My older son Chris called today as well as my younger son Jonathan to wish me a happy Father’s Day. Nice to hear from them, but it was a reminder that life has become more complicated, more mobile and, for many, gone are the days of being able to get together for such occasions. Chris is in Worcester, Ma, 1,163 miles from here and Jonathan is visiting Shanghai, China, 8,195 distant miles (mileage courtesy of WolframAlpha, the “computational knowledge engine” – a useful site).
Their absence reminds me that when I was their age, we were able to visit my father as we lived only fifty miles apart. So, in addition to missing my sons, my thoughts are with my Dad who died some twenty-five years ago. I wish I could turn back time and tell him how important he was to me, in spite of our going our separate ways in life. There was always an expectation that I would join him in his photography business, which I did not. I wrote a piece about him soon after he died, sort of an apology in the form of an explanation. I posted that a couple of years ago but I include it below, with love, to my Dad…
Up Park Avenue we would speed to beat the lights from lower Manhattan in the small Ford station wagon with “Hagelstein Bros., Commercial Photographers since 1866” imprinted on its panels. The Queens Midtown Tunnel awaited us.
It is some summer in the late 1950s and, once again, I’m working for my father after another high school year. In the back of the wagon I share a small space with props, flood lamps, and background curtains. The hot, midtown air, washed by exhaust fumes and the smoke from my father’s perpetual burning cigarette, surround me.
My father’s brother and partner, my Uncle Phil, occupies the passenger’s seat. They have made this round trip, day-in and day-out since my father returned from WWII. Their discussions no longer center on the business, but they speak of the city, its problems, the Russians, and politics. I think of where my friends and I will cruise that evening in one of their cars, a 57’ Merc, probably Queens Blvd., winding up at Jahn’s next to the RKO on Lefferts Boulevard.
Over the years, as a summer employee, my father believed I was being groomed for the business, the fourth generation to carry it on. My Uncle was a bachelor and I was the only one with the name to follow the tradition. There were cousins, but none at the time had any interest in photography, so the obligation fell to me.
This was such an understood, implicit obligation for my future maturation, that nothing of a formal nature was needed to foster this direction. Simply, it was my job to learn the business from the bottom up, working first as a messenger on the NY City streets, delivering glossies to clients for salesmen’s samples and for the furniture show (the primary commercial product photographed by my father). Then I graduated to photographer’s assistant, adjusting lamp shades under the hot flood lamps so the seams would not show, and, then, finally to an assistant in the color lab, making prints, dodging shadows to hold overexposures of glass tables. Osmosis was to be my mentor.

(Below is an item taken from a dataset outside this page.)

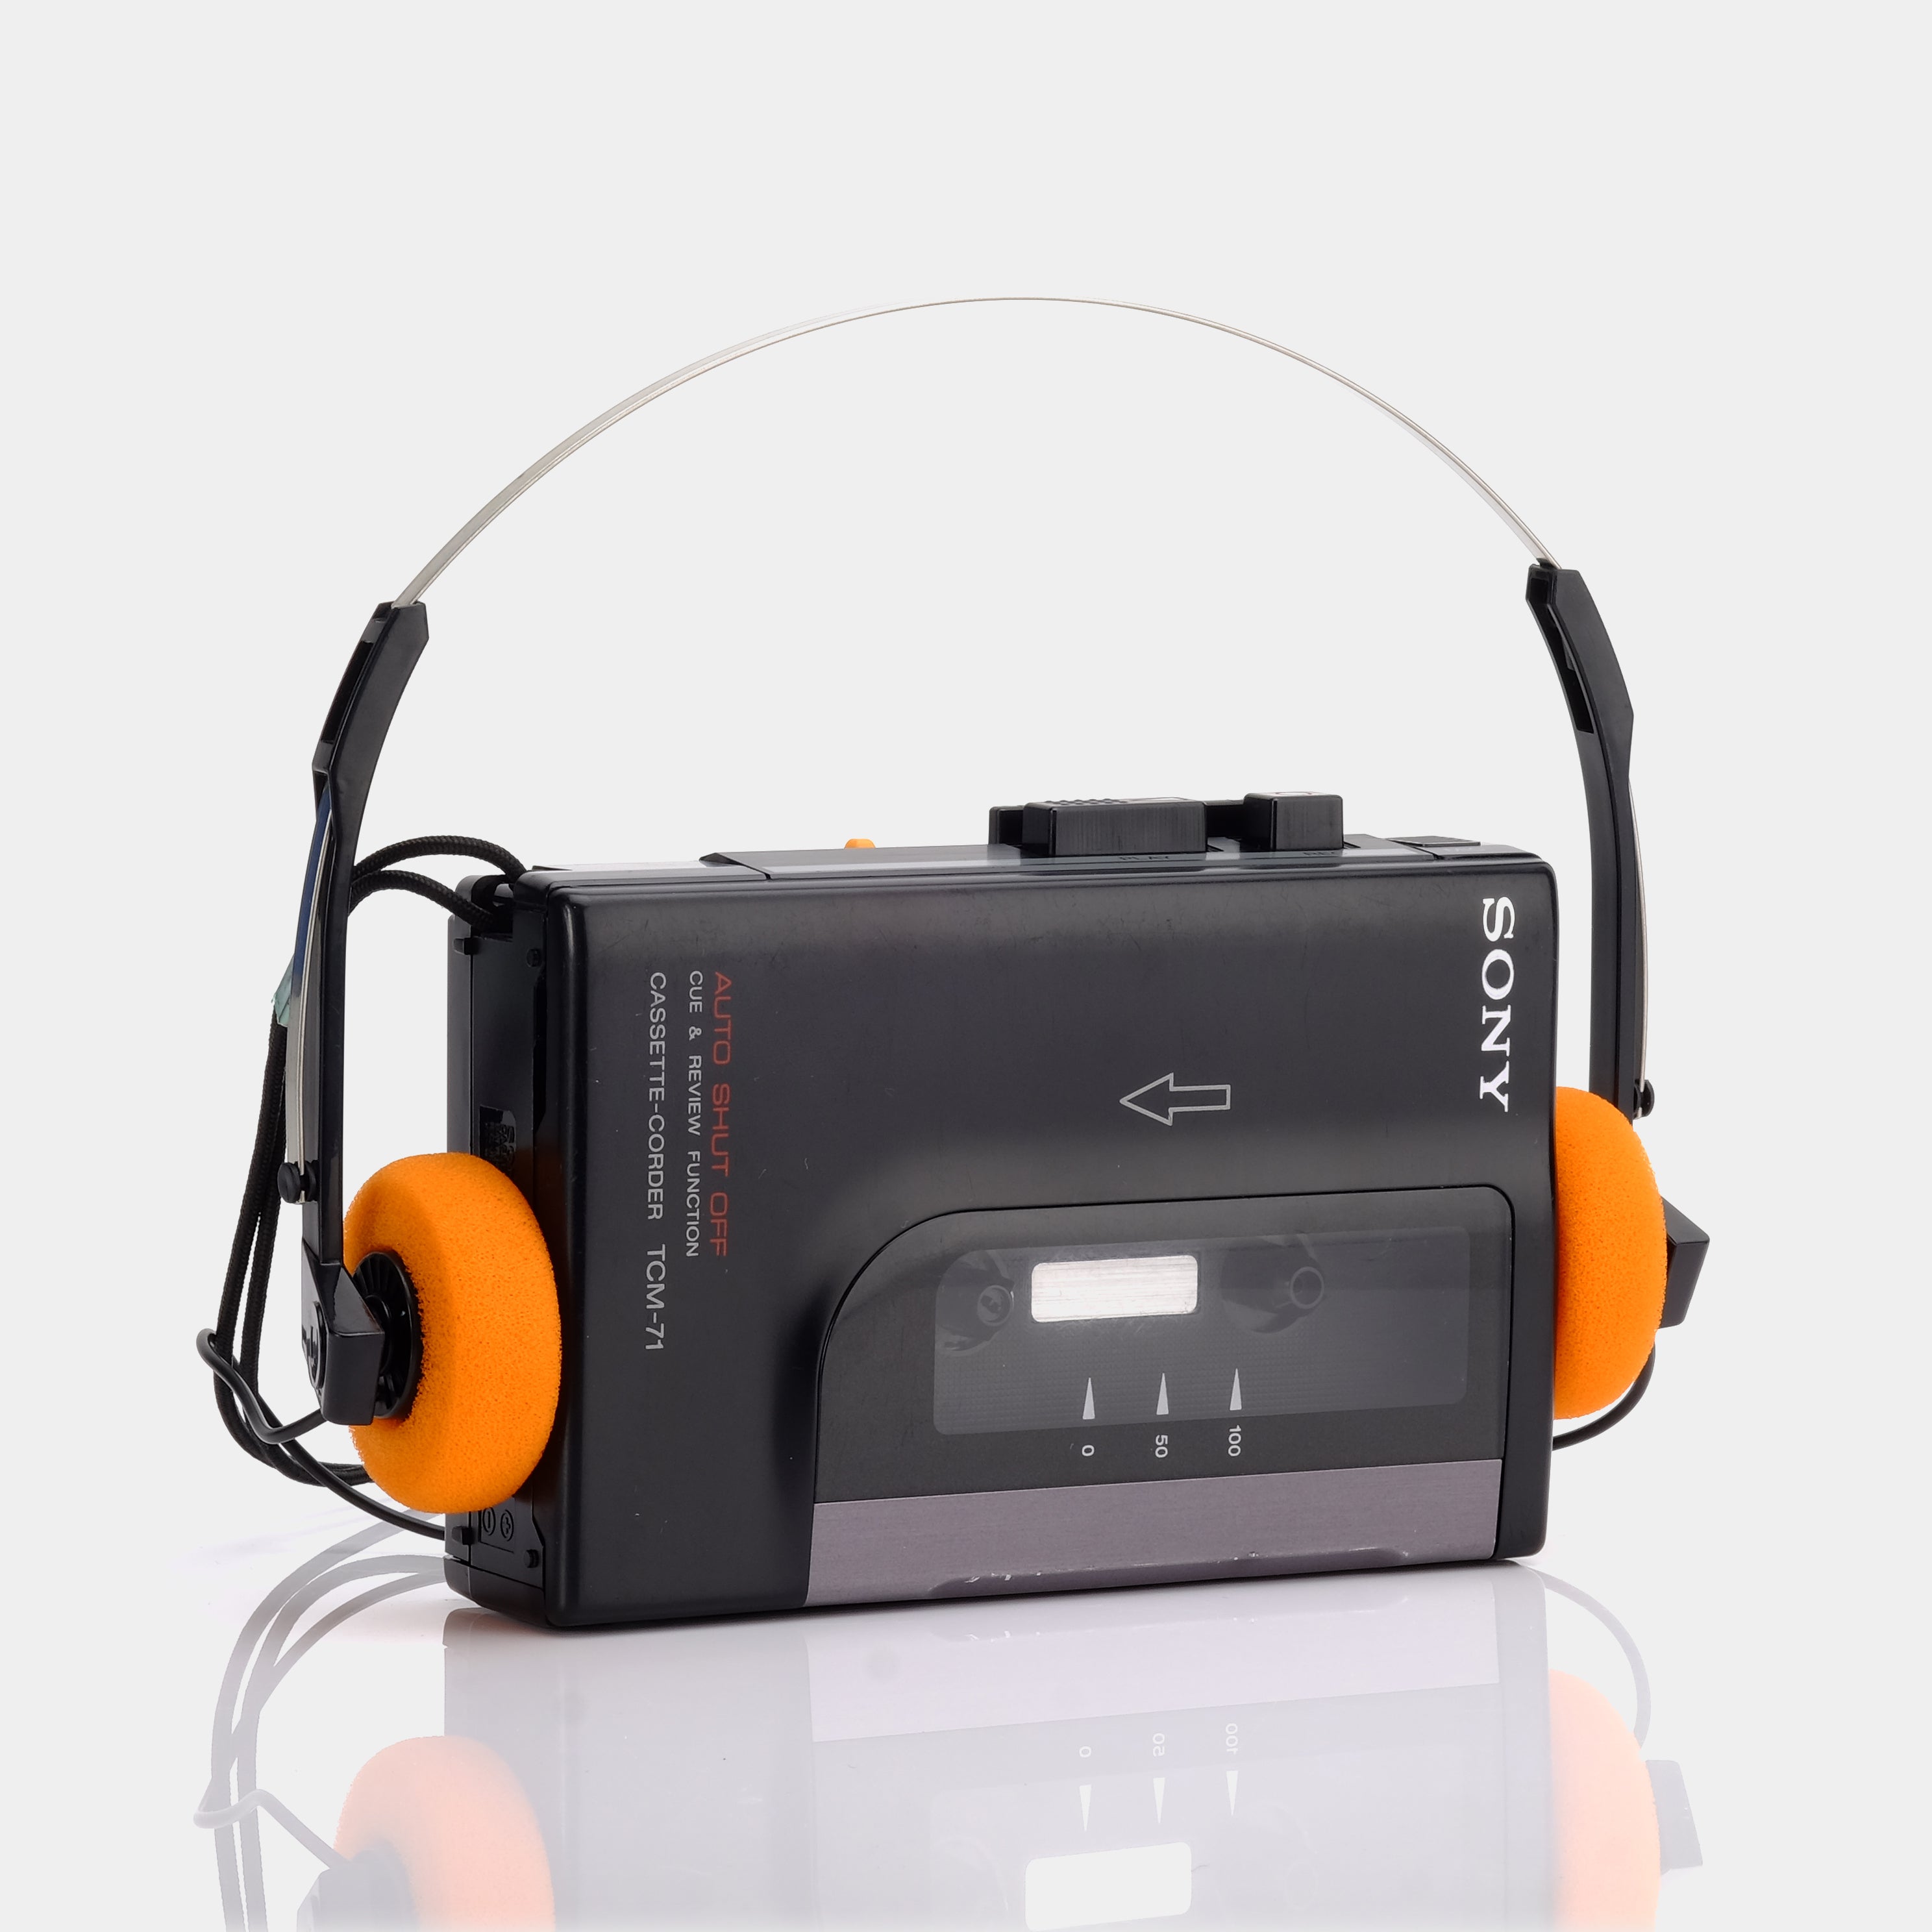 Sony Walkman TCM-71 Portable Cassette Player

At work I see my father, as the camera would reveal contrasts with different filters. These were normally invisible to me. At home he was a more contemplative, private person, crushed into submission by a troubled marriage. But I see him strolling down the halls of his business, smiling, extending his hand to a customer, kidding in his usual way, “How’s Biz?” he would say. His office overlooks the reception area and there he, my Uncle, and his two cousins would preside over lunch, a burger and coffee from the nearby luncheonette.
In spite of my obligation to learn the profession from the inside, I inveigled his support to go to college – with the understanding I would study business. By then I think I knew that this would be the first step to take me away from HIS business, a step, once taken, would not be taken back. The question was how to reveal this to him.
But as silently as I was expected to take over the business, my retreat was equally stealth. We both avoided the topic as I went to college and I continued to work there during the summers. Once I switched majors from business to the humanities, we both knew, but still, no discussion. This was territory neither he nor I wanted to visit at the time.
My reasons were clear to me. In the hallways of the studio he was larger than life but he was also provincial in his business thinking. He, his brother, and his cousins had developed an inbred view of the future of photography. Like Willie Loman, they had bet the future of their business on producing prints for salesmen, unconscious to the developing mass media and its impact on door-to-door sales. Entering the business would mean conflict with beliefs that were sacrosanct, a battle I would surely lose. So, I kept my silence and progressively moved away.
Why he never brought up the subject I will, now, never know. Ultimately, I married, and began a career in publishing, with an office, ironically, only three blocks from his studio. I still joined him for lunch occasionally, with his greeting me when I arrived, “So, How’s Biz?”